Understanding the Value of Code Coverage in Software Testing
Written on
Chapter 1: The Importance of Code Coverage
Several organizations and governmental bodies set minimum standards for code coverage, but is this truly beneficial?
Photo by Markus Spiske on Unsplash
A few years back, a colleague recounted his experience at a company that was developing a product. They had an opportunity to license it to a government entity, which was an almost perfect match—except for one critical metric: code coverage. While I can’t recall the exact percentage, let’s assume it was 80%, and that particular agency mandated that as a minimum requirement. The challenge was that the software had nearly zero code coverage.
Interestingly, the product was functioning effectively with numerous actual users. Despite the absence of automated tests, the code quality and overall product were exceptional. However, that was insufficient for the government agency, which relied solely on numerical proof generated by a testing suite. Consequently, they decided to boost the code coverage to meet the requirements.
How does one enhance the code coverage of an existing application? The answer is straightforward: by adding tests that execute the code.
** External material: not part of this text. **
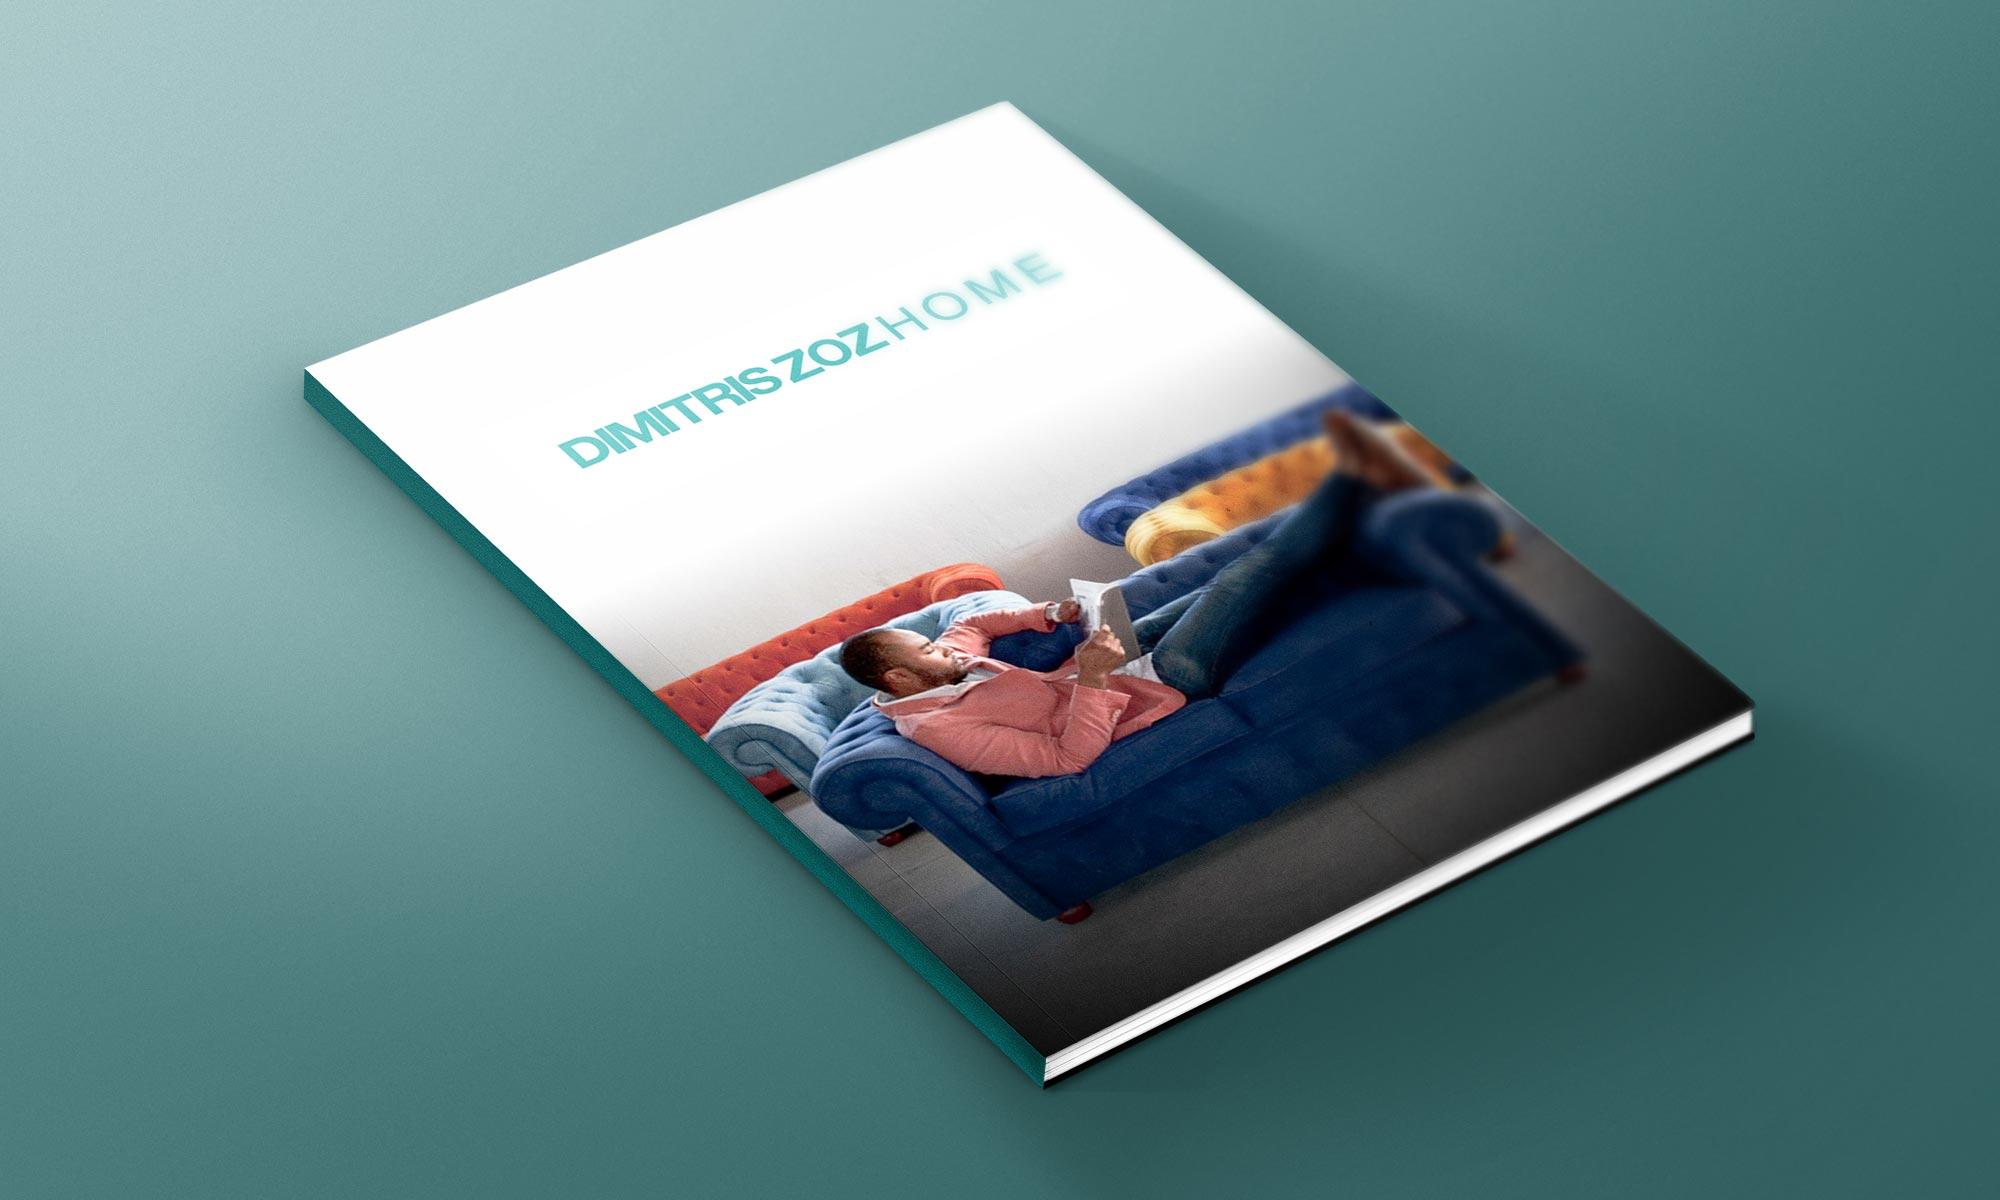 https://www.atelierzoz.com/wp-content/uploads/2020/03/works_dimitris-zoz-home-4.jpg

He shared how they approached the situation. They began incorporating tests for known functionalities, and gradually, the code coverage increased. However, after several weeks, they realized this method was too slow. They pivoted their strategy to analyze coverage reports, targeting significant uncovered sections of code, and created tests for those areas. While this accelerated the process, it remained sluggish. Over time, the quality of the tests deteriorated, losing both focus and effectiveness. By the final weeks, the tests became nearly worthless, yet they fulfilled the requirement of executing the code, thereby increasing the coverage. After months of effort, they finally achieved the required ratio.
He described this experience as the most frustrating of his career. Initially, when he began to share his story, I thought to myself, "Wow, a government agency that values testing—how commendable!" But as he continued to explain the ordeal they faced to meet the coverage metric, I became alarmed. I recognized how misguided that requirement was. Yes, the application now had tests, but they were ineffective.
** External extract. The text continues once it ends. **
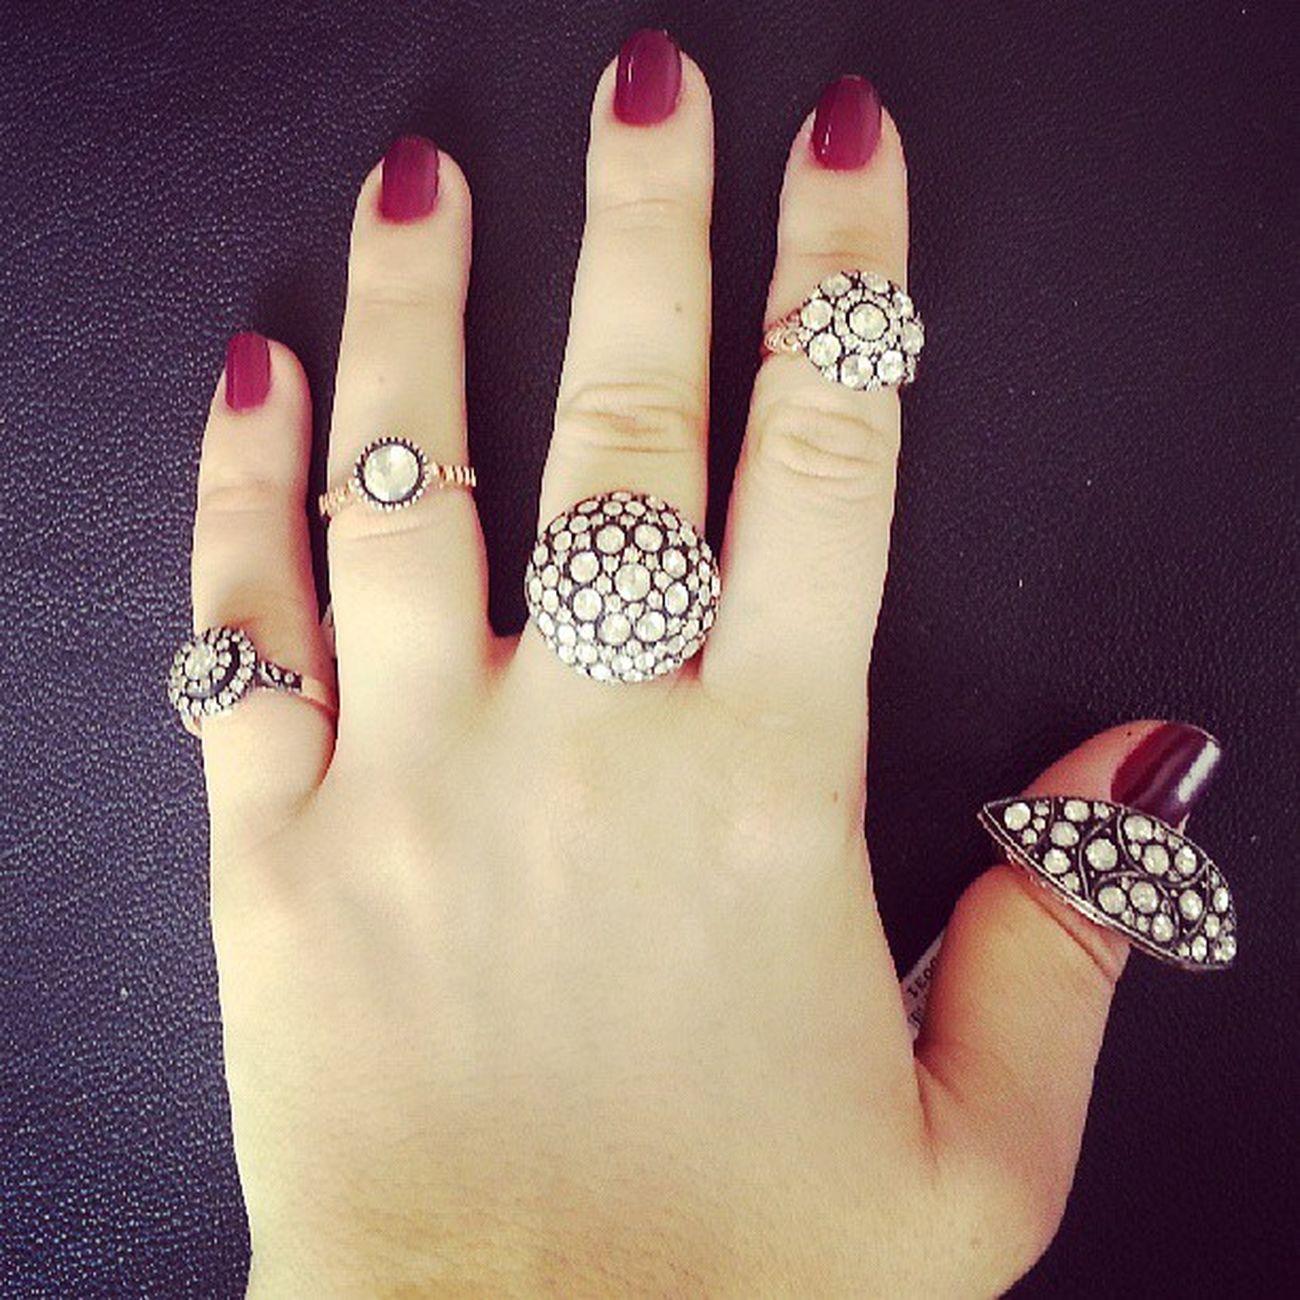 Birkac favori modelim olabilir.Bence bu gayet normal:)) Instapod Instaturk Instagramania Jewellery Jewelery Elmas Pirlanta Style Rosecut Mücevher Instajewelery Instadaily Igers Igersturkiye Igfashion Igersmania Fashion Elite Stil

Writing tests after the code has been developed can be perilous. Robert C. Martin often emphasizes that creating tests post-development feels wrong, and he is correct. Typically, when a programmer writes a test after coding, the sentiment is, "Why am I writing an automated test for something I know works because I just tested it manually?" As was the case with my colleague, this process can feel futile. Yet, that sentiment is valid. The primary purpose of a test is to prevent unintended functionality breaks in the future. We should be testing functionalities rather than focusing solely on the code itself. This becomes problematic when the code is already written.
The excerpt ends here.